In fact, central banks accumulate large stockpiles of dollars as they print their own currency to buy dollars (resulting from their countries' trade surpluses with the United States) and thus prevent their currencies from appreciating.
The central banks then seek to invest those dollars into US dollar-denominated debt instruments, preferably US treasury bonds or agency debt, in order to earn a return.

If the dollars accumulated by foreign central banks exceed the amount of new debt being issued by the US government and the US agencies during any particular period, then the central banks will buy existing debt instead of newly issued one. By thus acquiring existing debt, they push up the price and push down the yield. That seems to explain why long bond yields have been falling since mid-2004 even though the Fed has been increasing interest rates at the short end of the yield curve.

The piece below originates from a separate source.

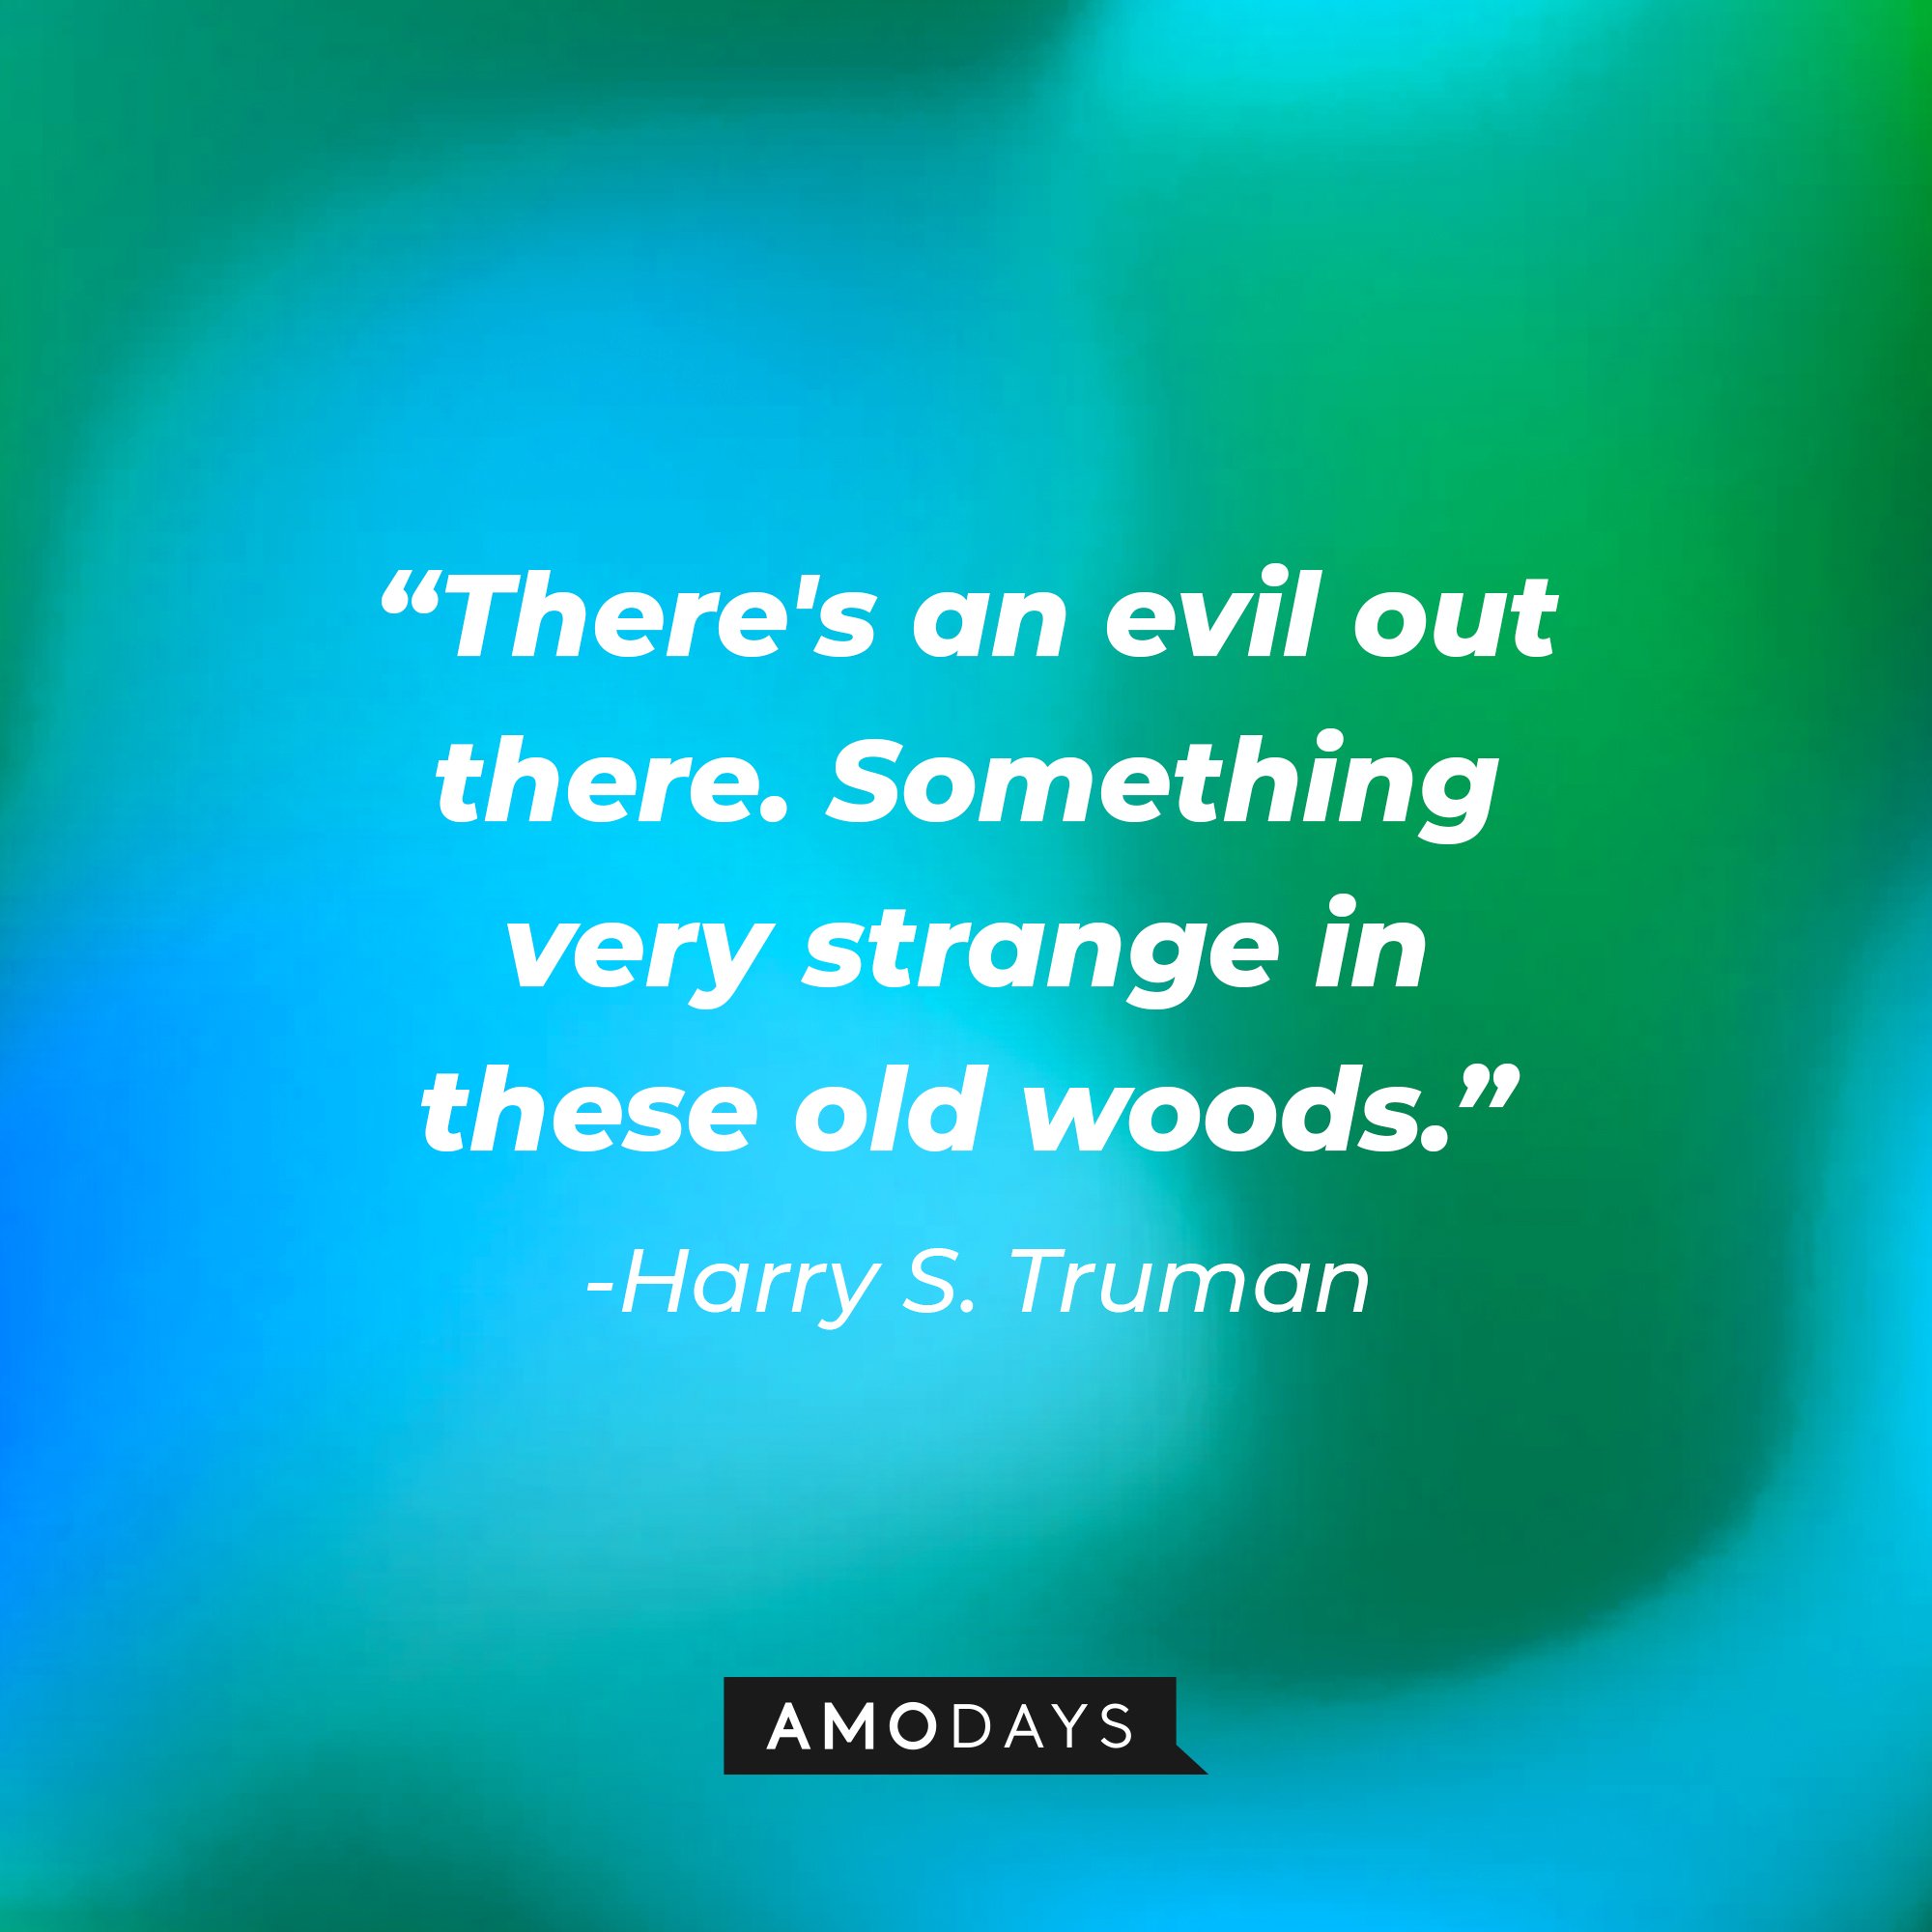  Harry S. Truman’s quote: "There's an evil out there. Something very strange in these old woods." | Image: AmoDays

If this reasoning is correct and if the US current account deficit continues to expand (as seems likely so long as the dollar remains at existing exchange rates), then the amount of paper dollars that foreign central banks wish to invest in US government debt will continue to expand as well.
Meanwhile, the US budget deficit is widely expected to be lower in 2005 and that means that the government will issue less new debt.
Under such circumstances, there will not be enough new government and agency debt issued to satisfy the demand of foreign central banks. Consequently, they are likely to buy existing debt instead, pushing up the price of those bonds and driving their yields down even further...regardless of what the Fed does to the Federal Funds rate.

Regardless, then, of whether the US government reduces its budget deficit or not, it would appear that the rapidly expanding US current account deficit has begun to undermine the ability of the Fed to determine the level, or even the direction, of interest rates in the United States.